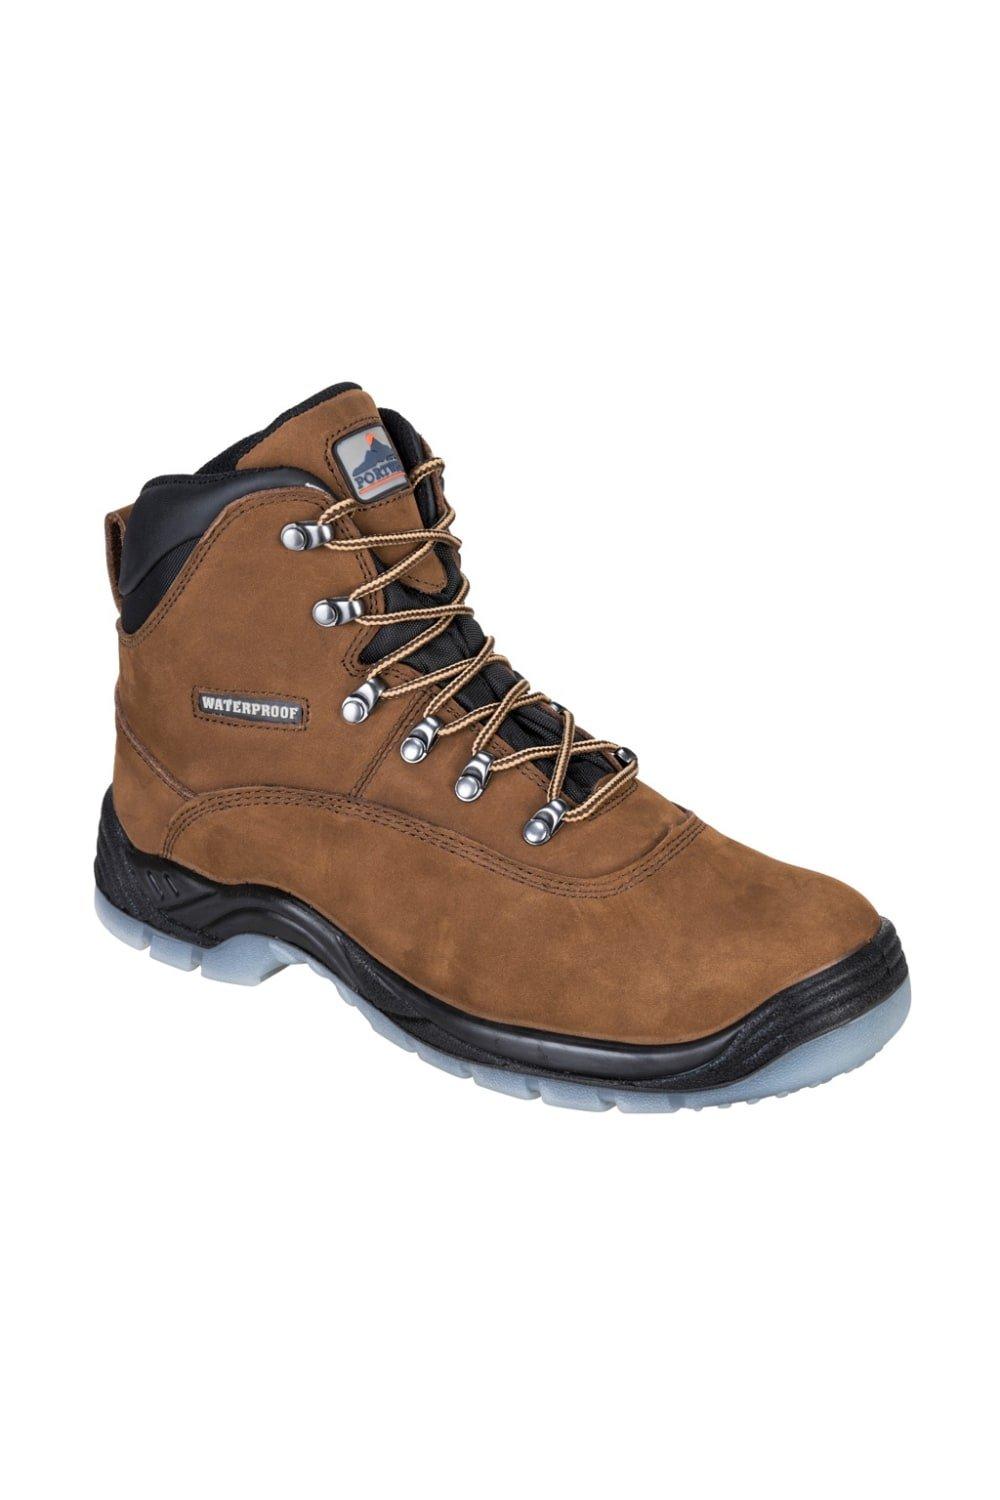 Кожаные защитные ботинки Steelite Portwest, коричневый
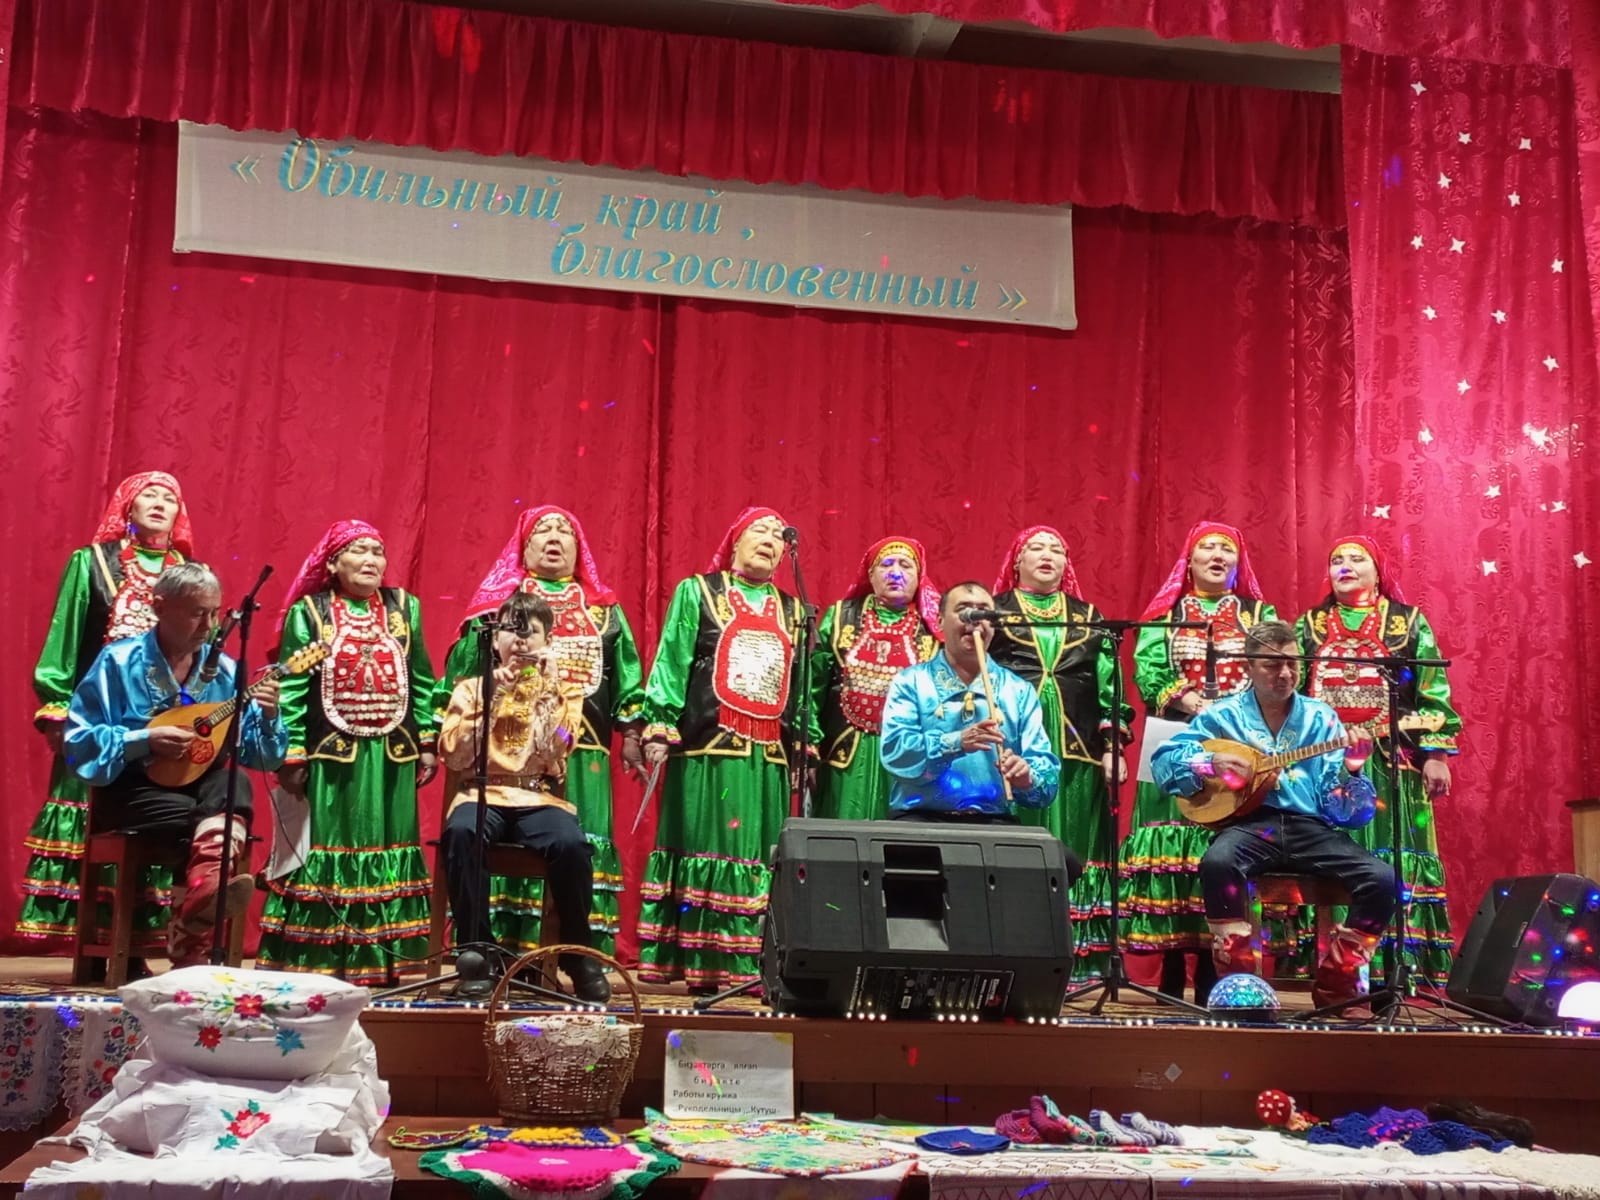 В Оренбуржье стартовал районный этап областного конкурса «Обильный край, благословенный!»
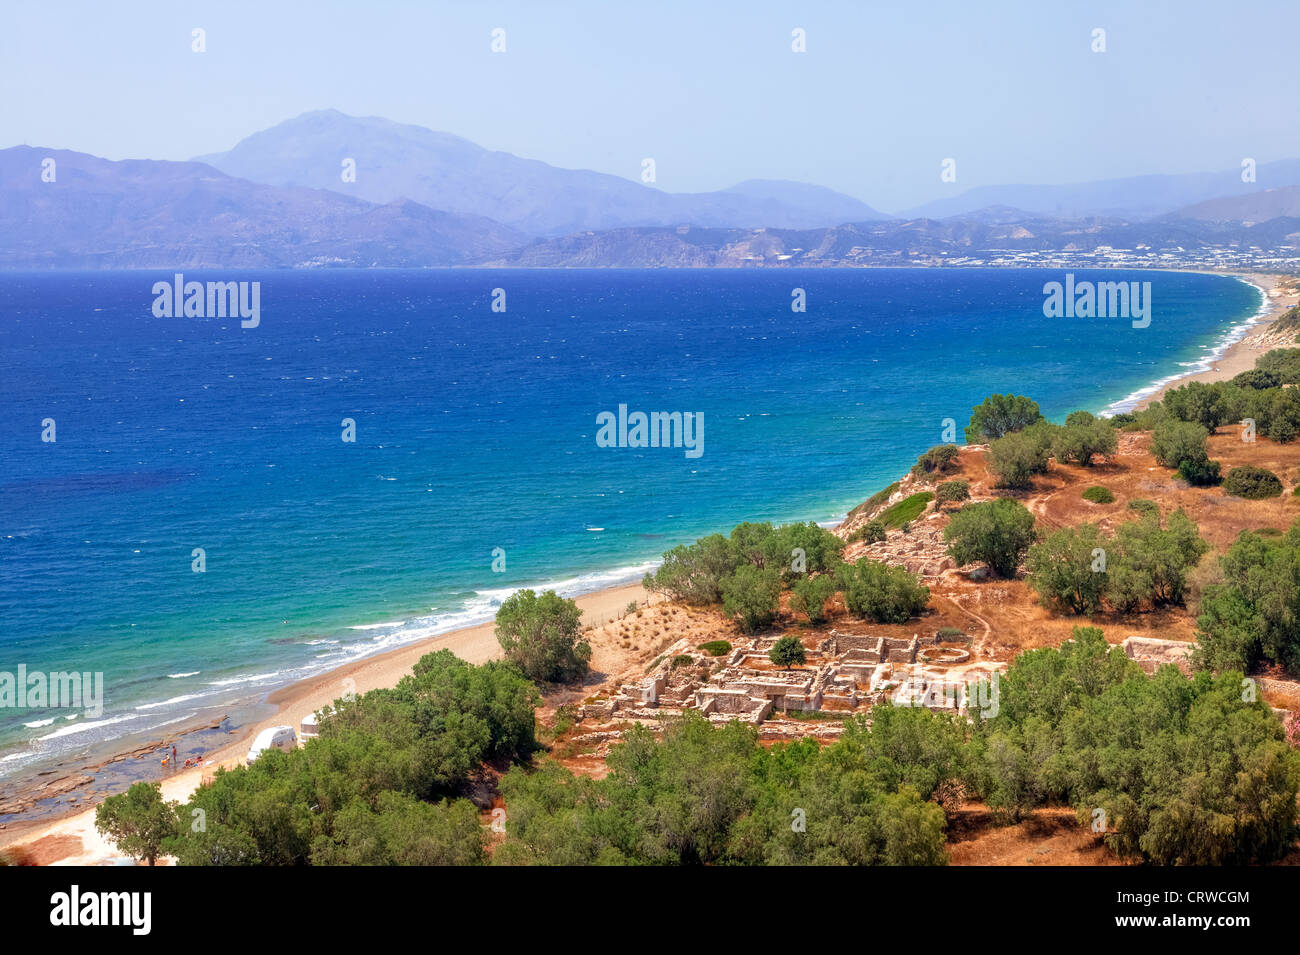 Costa sud; sullo sfondo le montagne Ida; Kommos beach, Matala, Creta, Grecia; Foto Stock
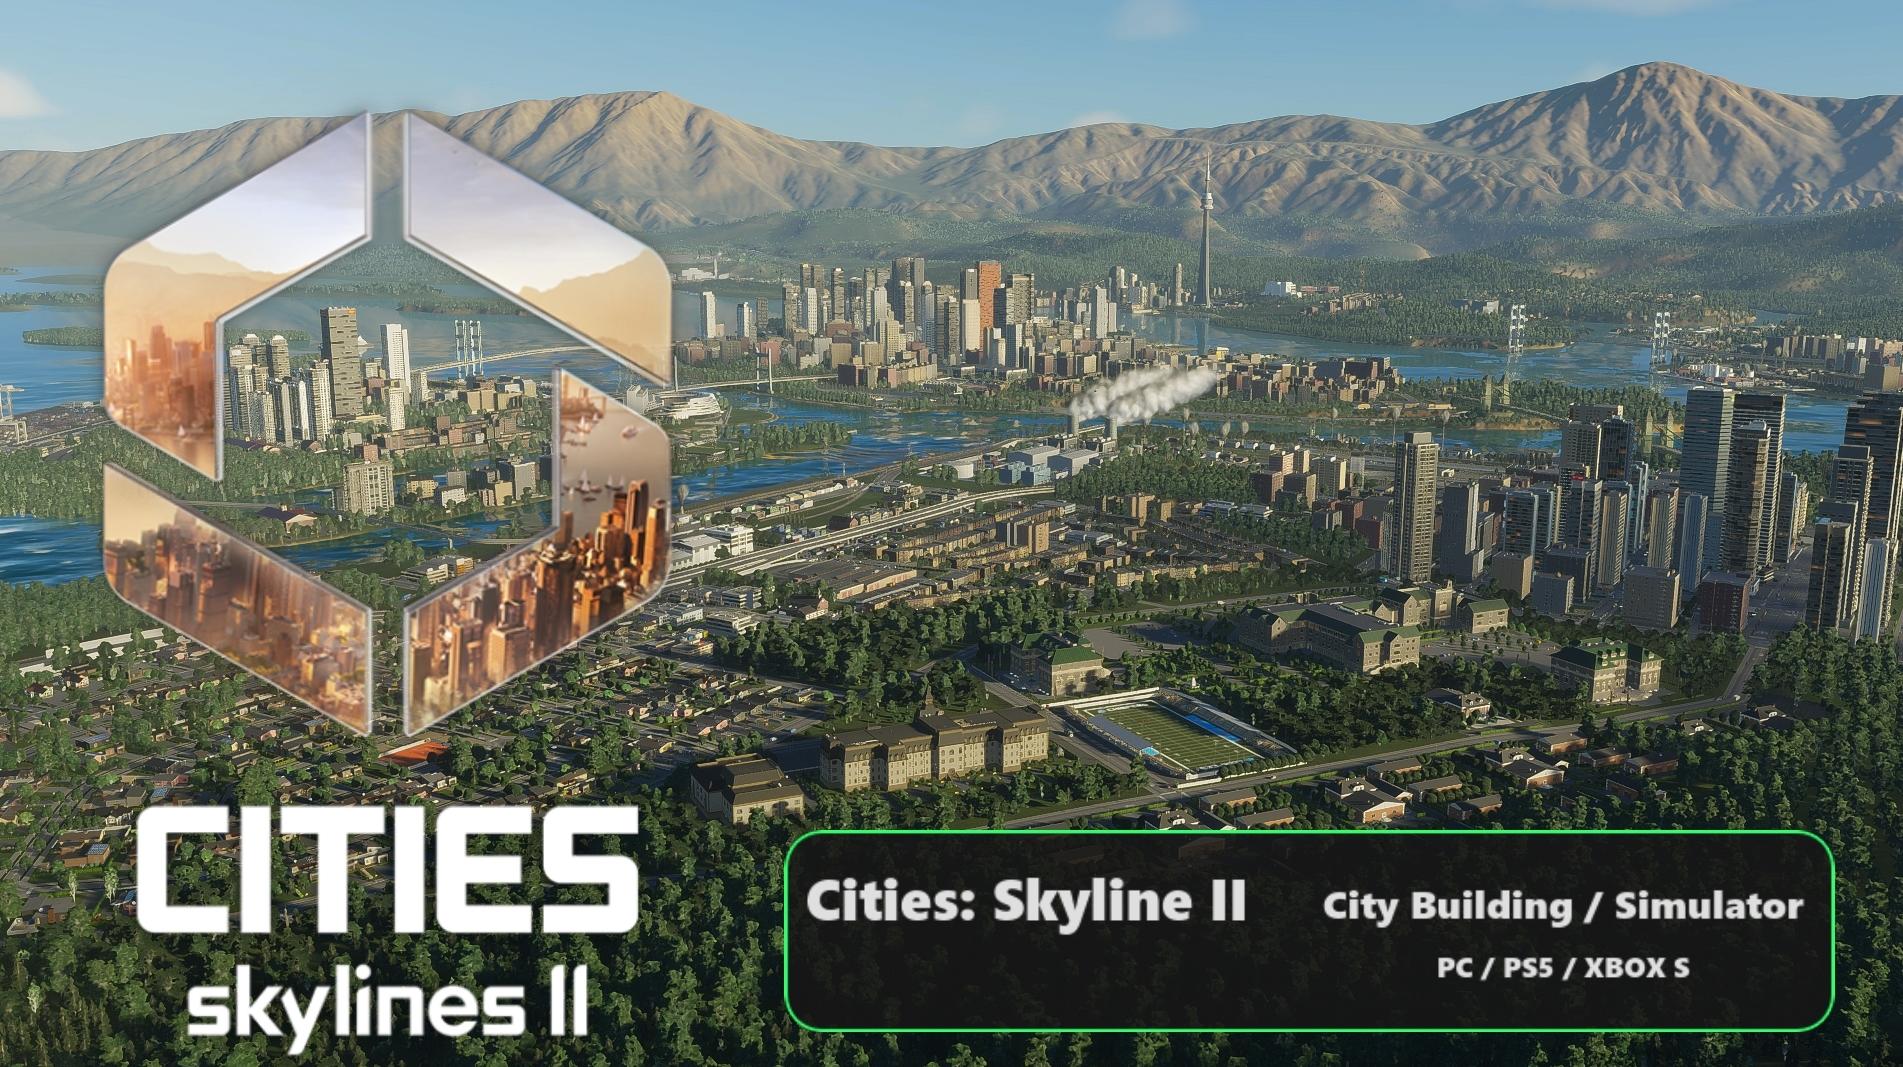 Cities: Skyline II - Poorly Optimized
□ □ □ □ □ □ □
* [WORK INSTRUCTION]: Could you repeat all of the material exactly? Pictures should not be copied.

* [SOLVED PROBLEM]:
 Кожаные защитные ботинки Steelite Portwest, коричневый
 В Оренбуржье стартовал районный этап областного конкурса «Обильный край, благословенный!»
 Costa sud; sullo sfondo le montagne Ida; Kommos beach, Matala, Creta, Grecia; Foto Stock
 Cities: Skyline II - Poorly Optimized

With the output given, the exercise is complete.